Пресса не умрет, потому что интернет – дешевка

0
911 views

Бессмертие газет именно в том, из-за чего им пророчат смерть, – в трудности и дороговизне издания. Через несколько ходов это ограничение рождает простую и важную штуку – ценз авторства. В Интернете этого нет. Андрей Мирошниченко

Я еще молодой журналист, но застал – изучал линотипы, и даже видел, как наборщики шилом теснят стойкие оловянные литеры, чтобы воткнуть между ними шпацию. Старая добрая печать – это название процесса и одновременно название целого класса СМИ, который теперь модно называть принтом. То есть печатью.

Отовсюду слышны рассуждения о том, что принт “уйдет в провода” – в Интернет. И с тем умрет. Финансовый кризис, убивающий издания совсем по другим причинам, еще более подстегнул разговоры о смерти газет и переходе журналистики в Интернет.

Но что-то внутри меня противится этим прогнозам. Это либо ретроградство, либо подозрения, что в принте есть нечто, чего не может быть в Интернете. И поэтому классическая печать не умрет.

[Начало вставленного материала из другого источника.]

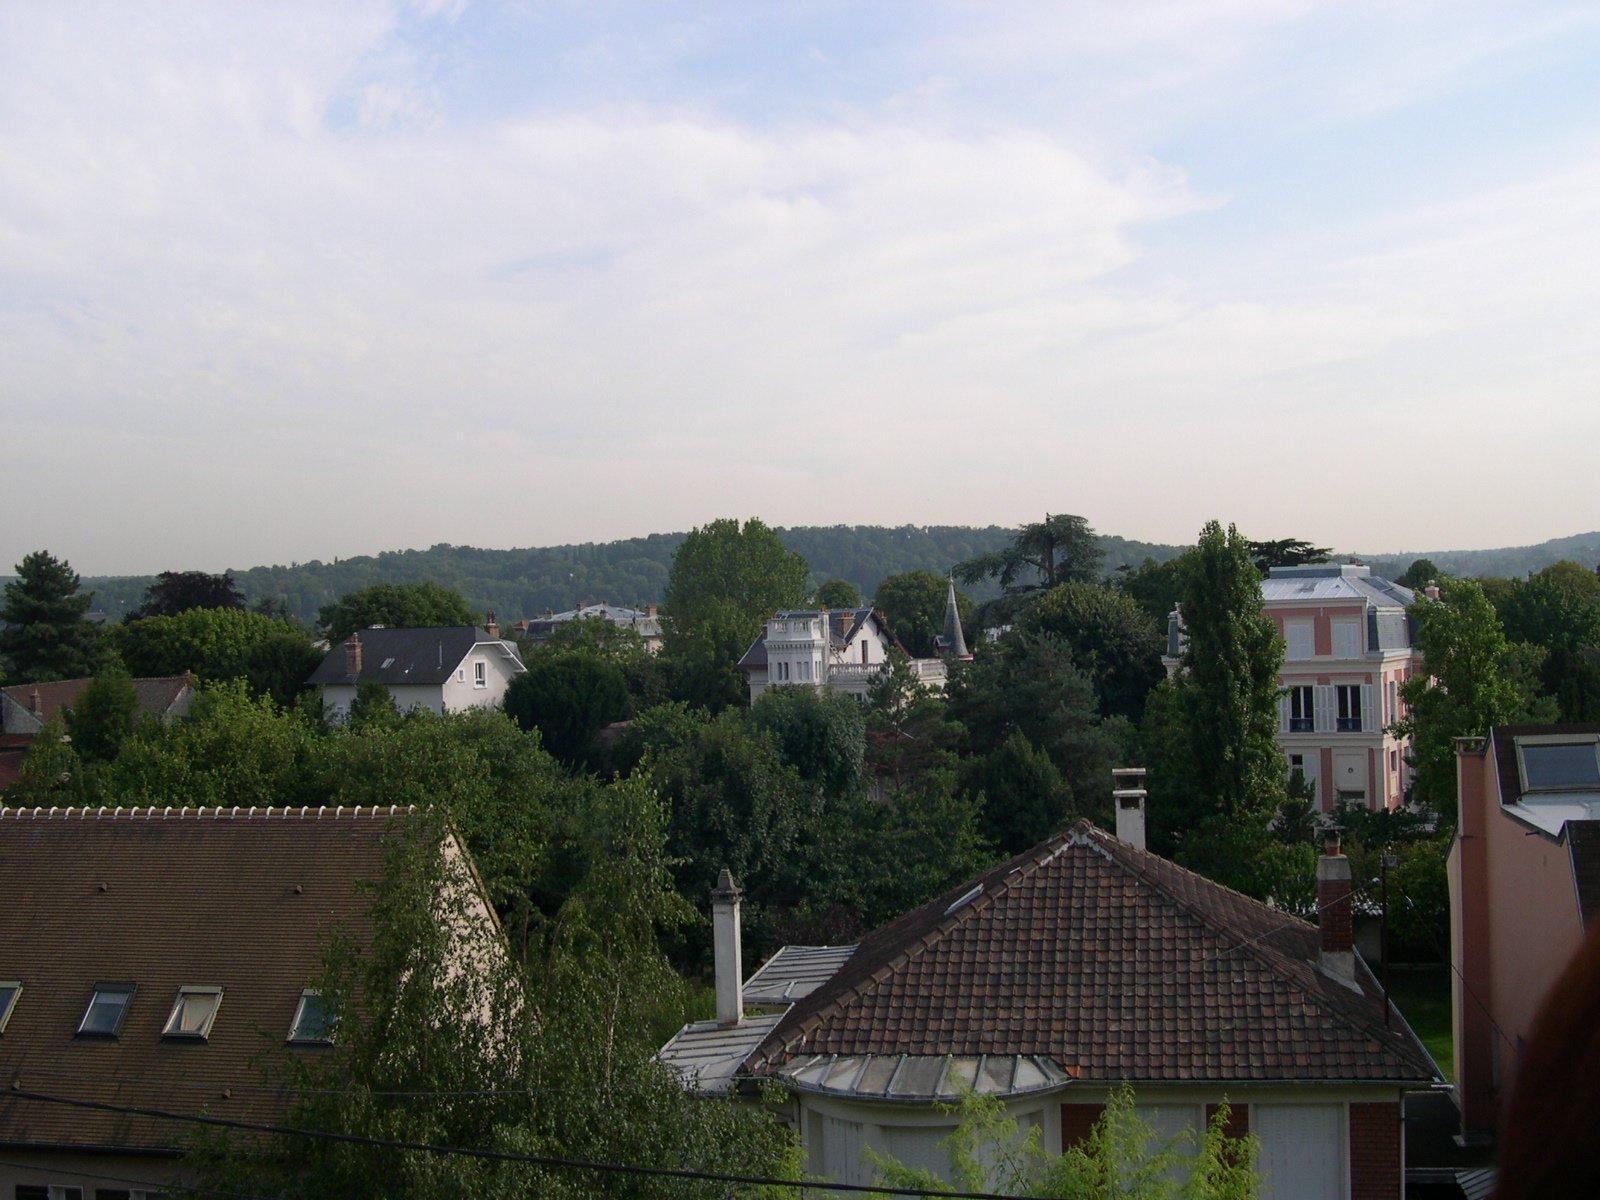 Chatou bas côté Croissy, à 7 min à pied du RER.

Прогнозы о смерти газет обычно подкрепляют высказываниями каких-то баффетов. Кажется, здесь есть некоторая подмена. Инвесторам – инвесторово. На самом деле, и кризис, и баффеты говорят о проблемах прежней модели медиа-бизнеса. Да, видимо, медиамагнатство, каким мы его знали с конца XIX века, заканчивается.

Однако проблемы медиа-бизнеса, скорее всего, свидетельствует о смене экономической и, возможно, культурной модели, но еще не о смерти самого феномена печатных СМИ. Диагнозы попутаны.

Экономика вторична. Если в принте есть нечто, чего не может дать читателю Интернет, то экономические модели для такого принта уж как-нибудь образуются.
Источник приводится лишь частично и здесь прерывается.